What is needed: Exactly retype the lines below from the one containing "Dragon Simulator Multiplayer screenshot" through the end of the listing. Leave pictures out.

Data provided:
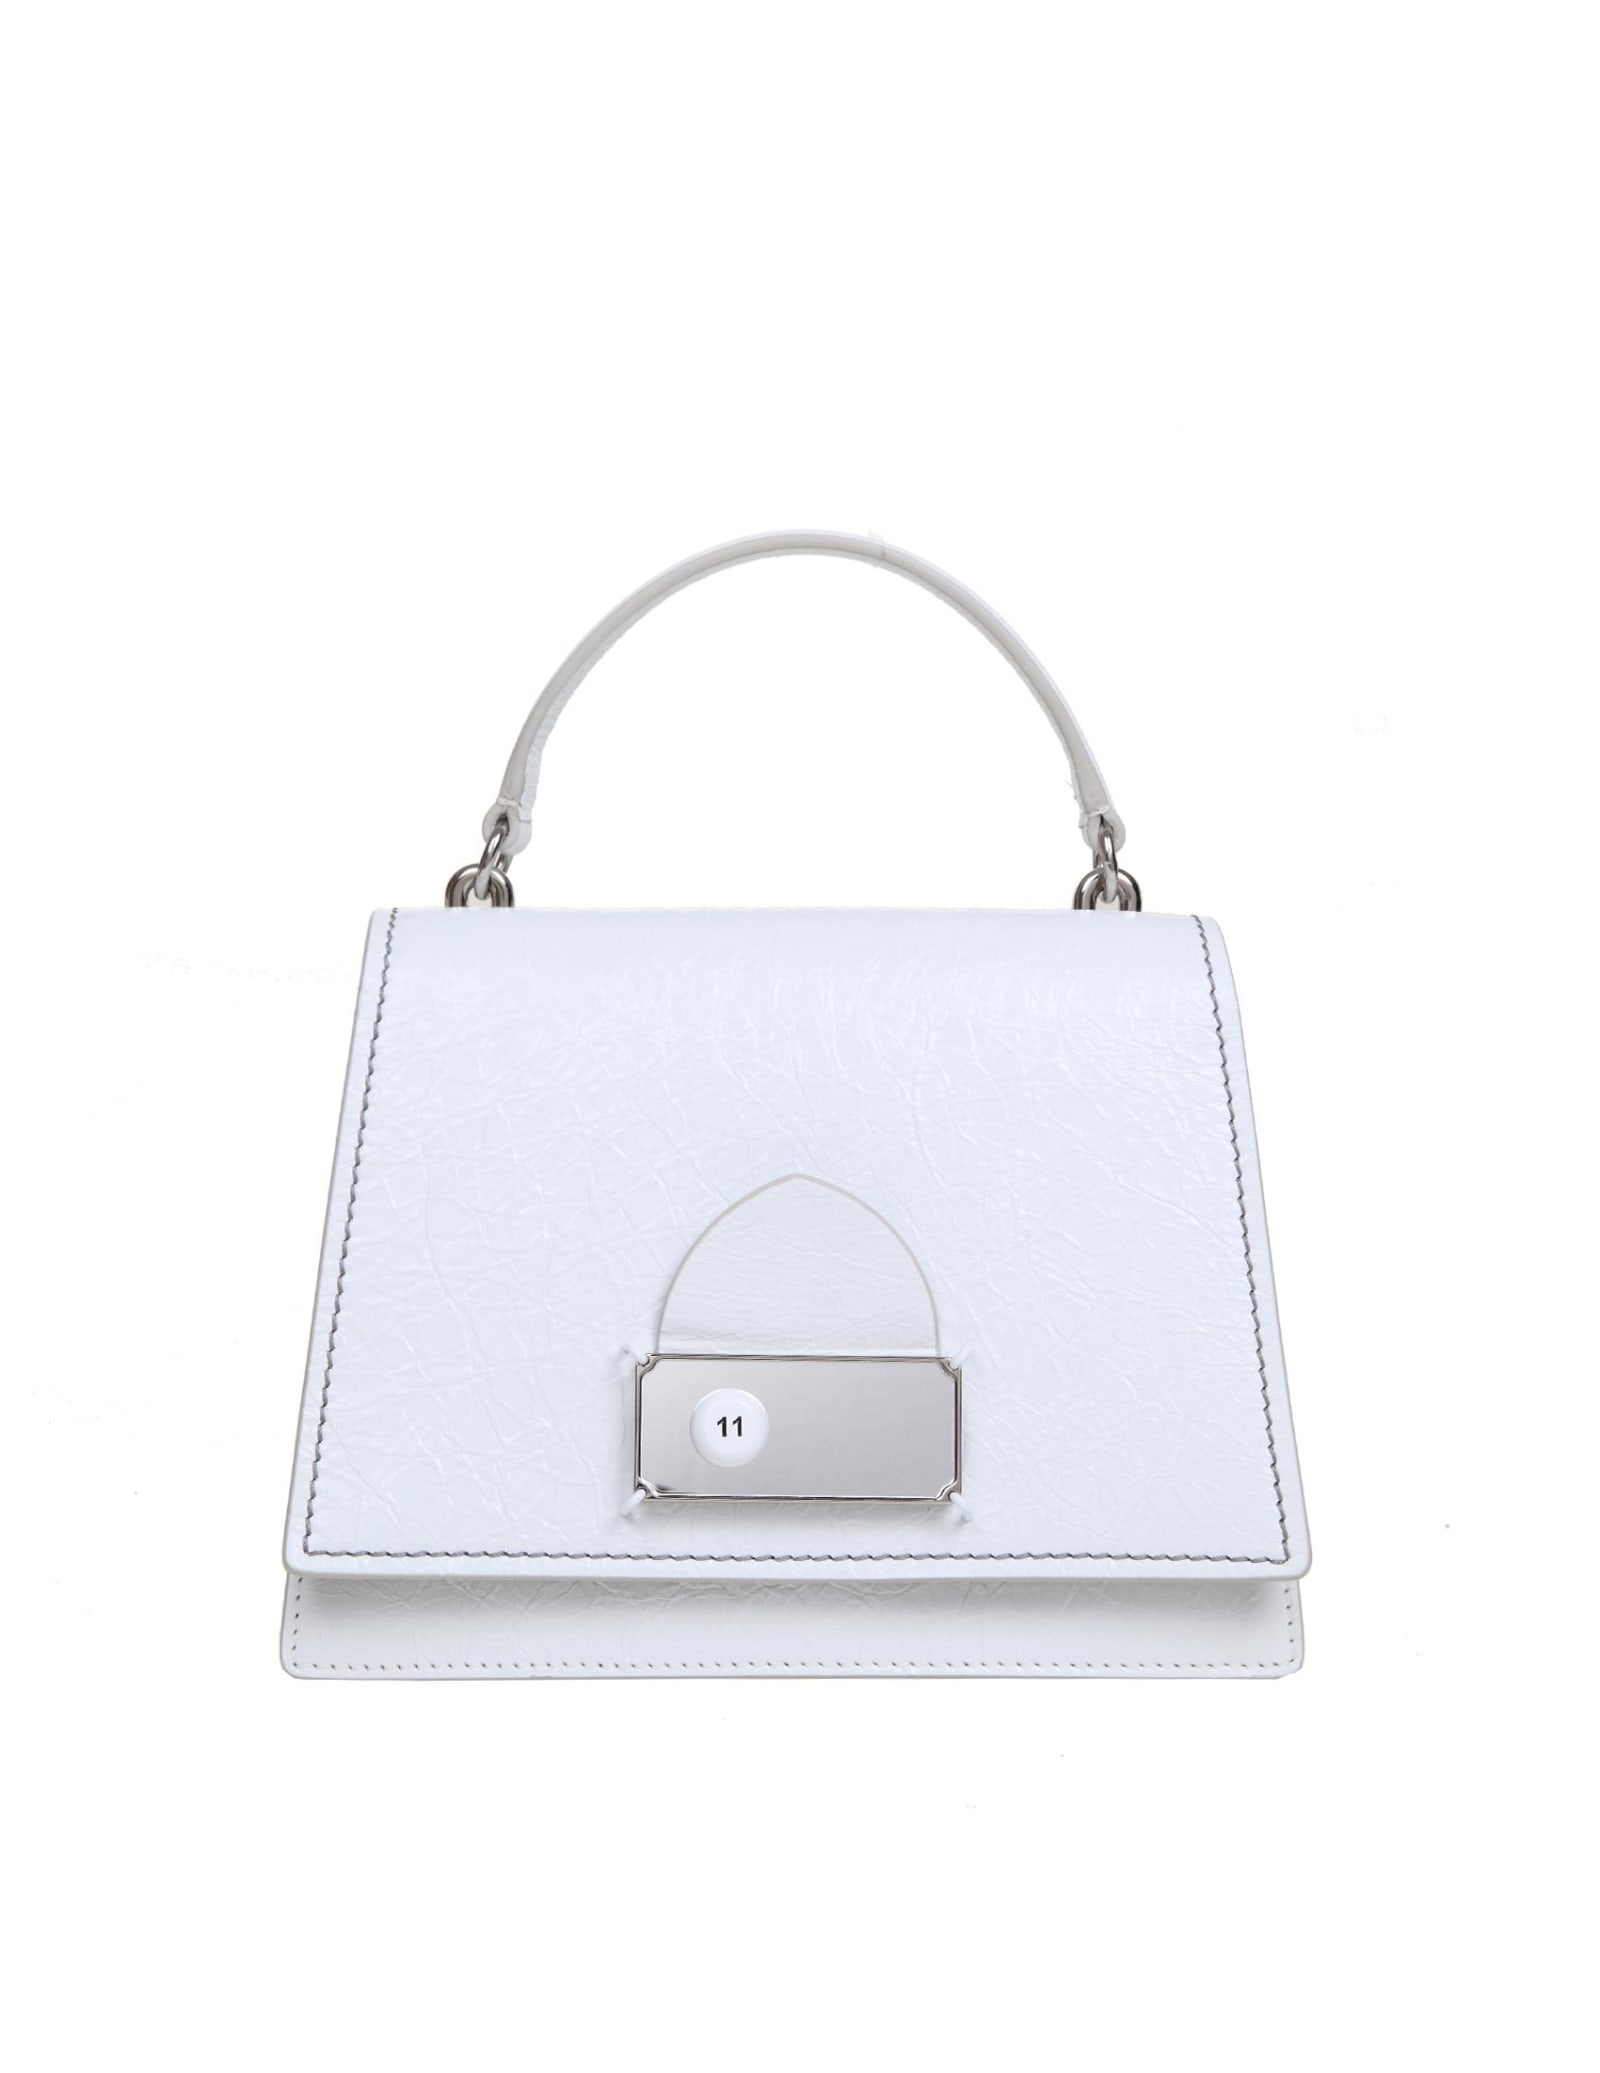 Maison Margiela Handbag In White Painted Leather
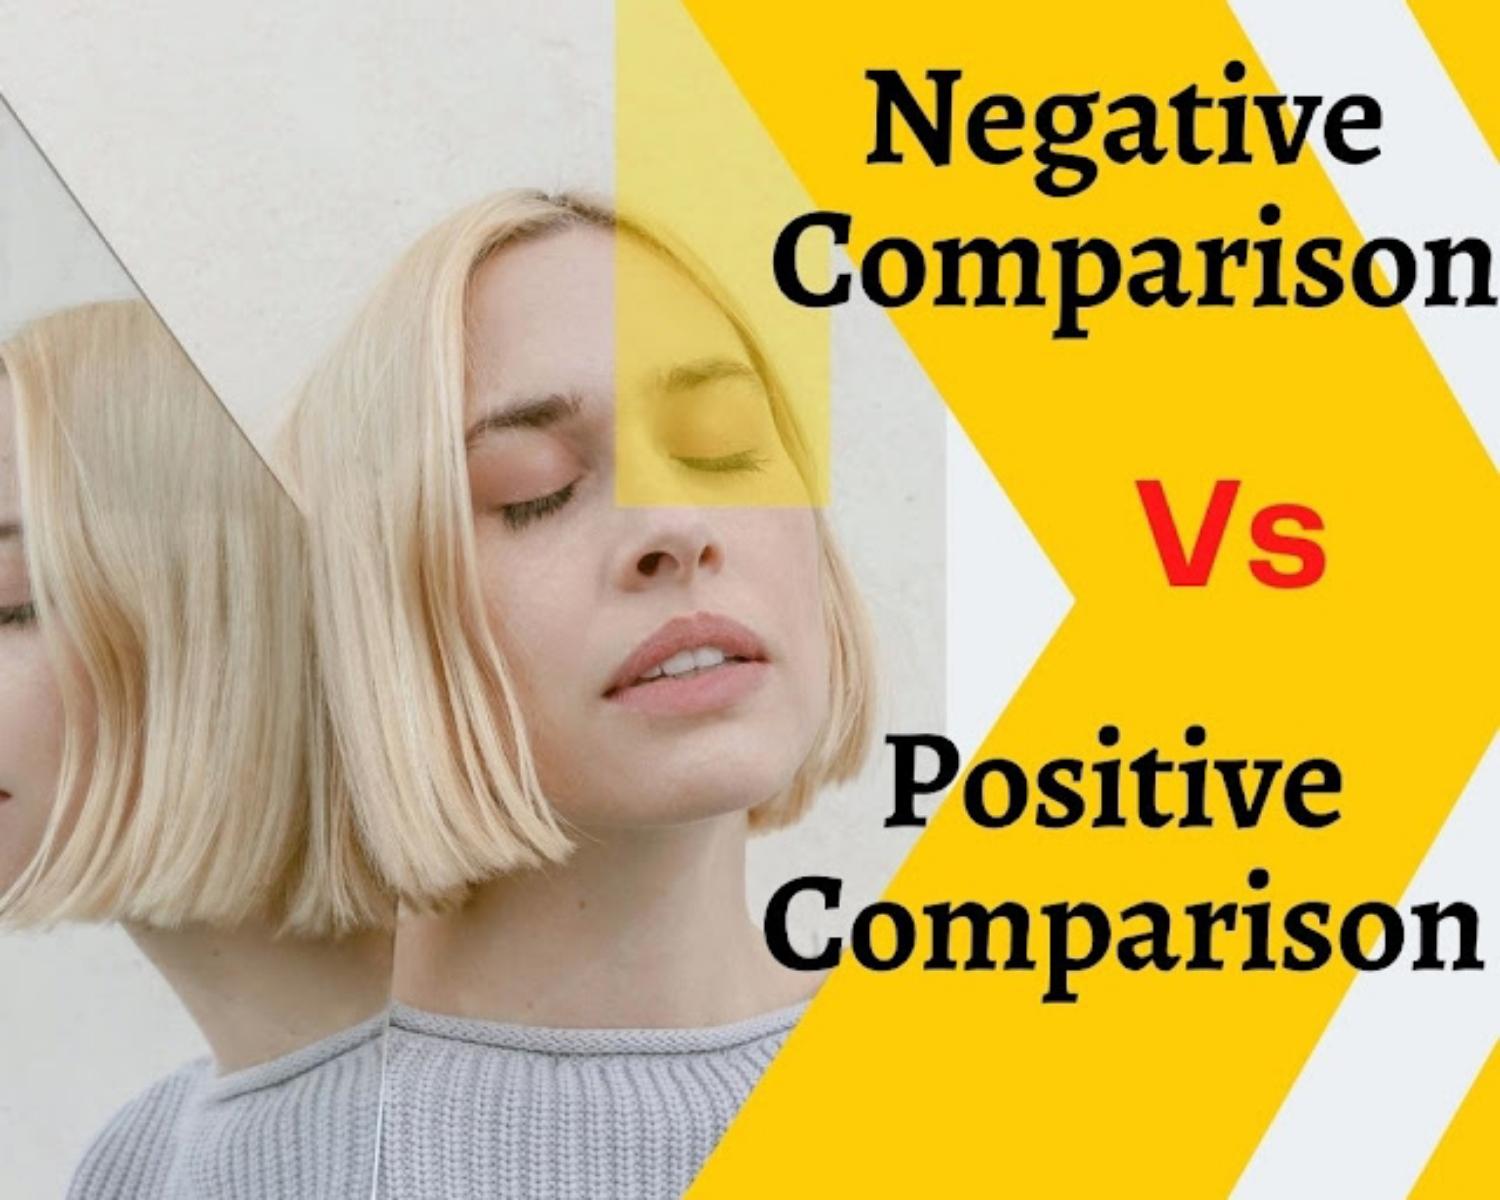 Why Is Negative Comparison Vs Positive Comparison is So Famous? 
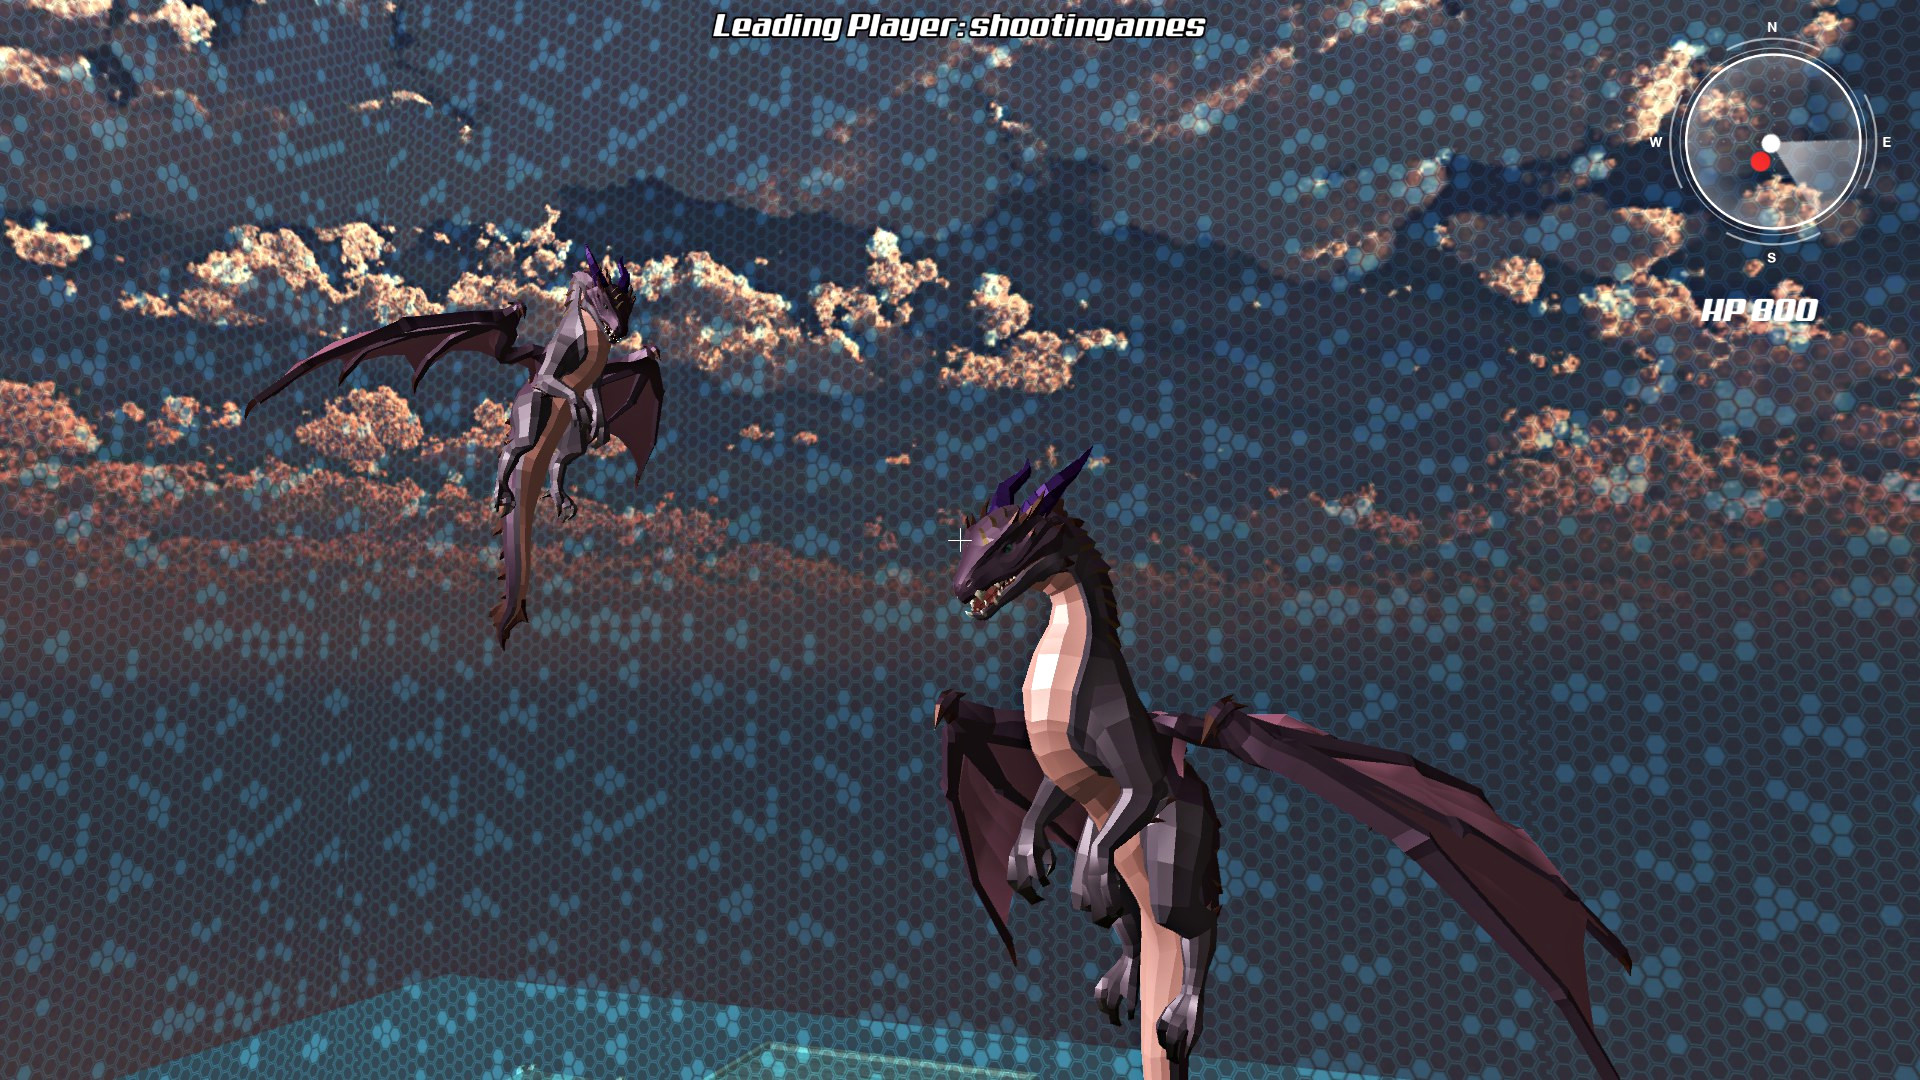 Dragon Simulator Multiplayer screenshot
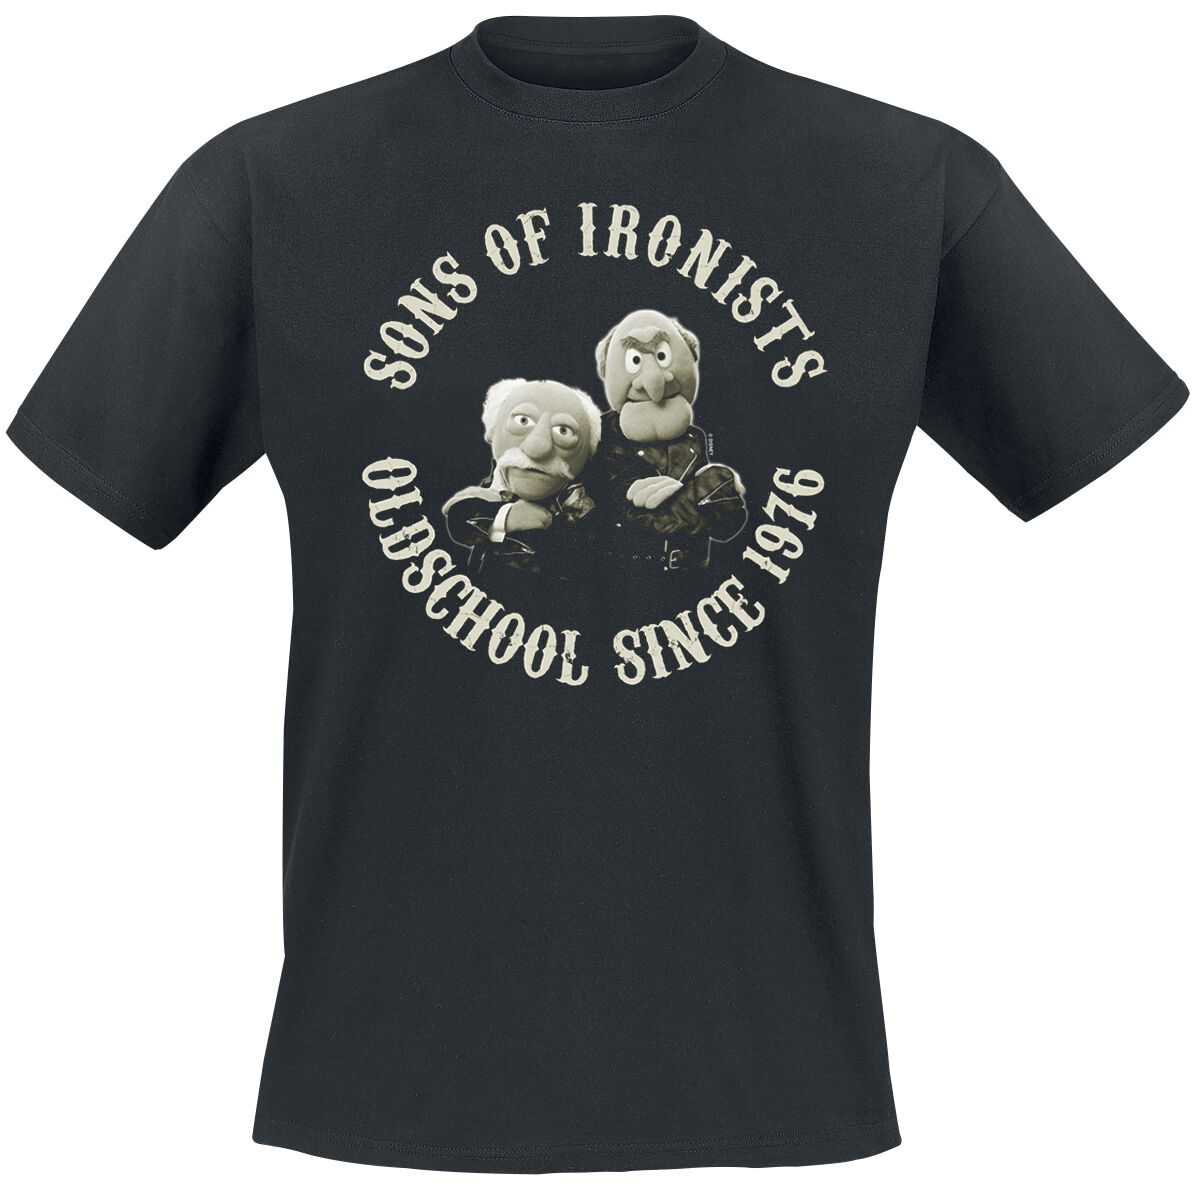 Die Muppets T-Shirt - Sons Of Ironists - M bis 5XL - für Männer - Größe M - schwarz  - Lizenzierter Fanartikel

Exercise answer:
 Dragon Simulator Multiplayer screenshot
 Die Muppets T-Shirt - Sons Of Ironists - M bis 5XL - für Männer - Größe M - schwarz  - Lizenzierter Fanartikel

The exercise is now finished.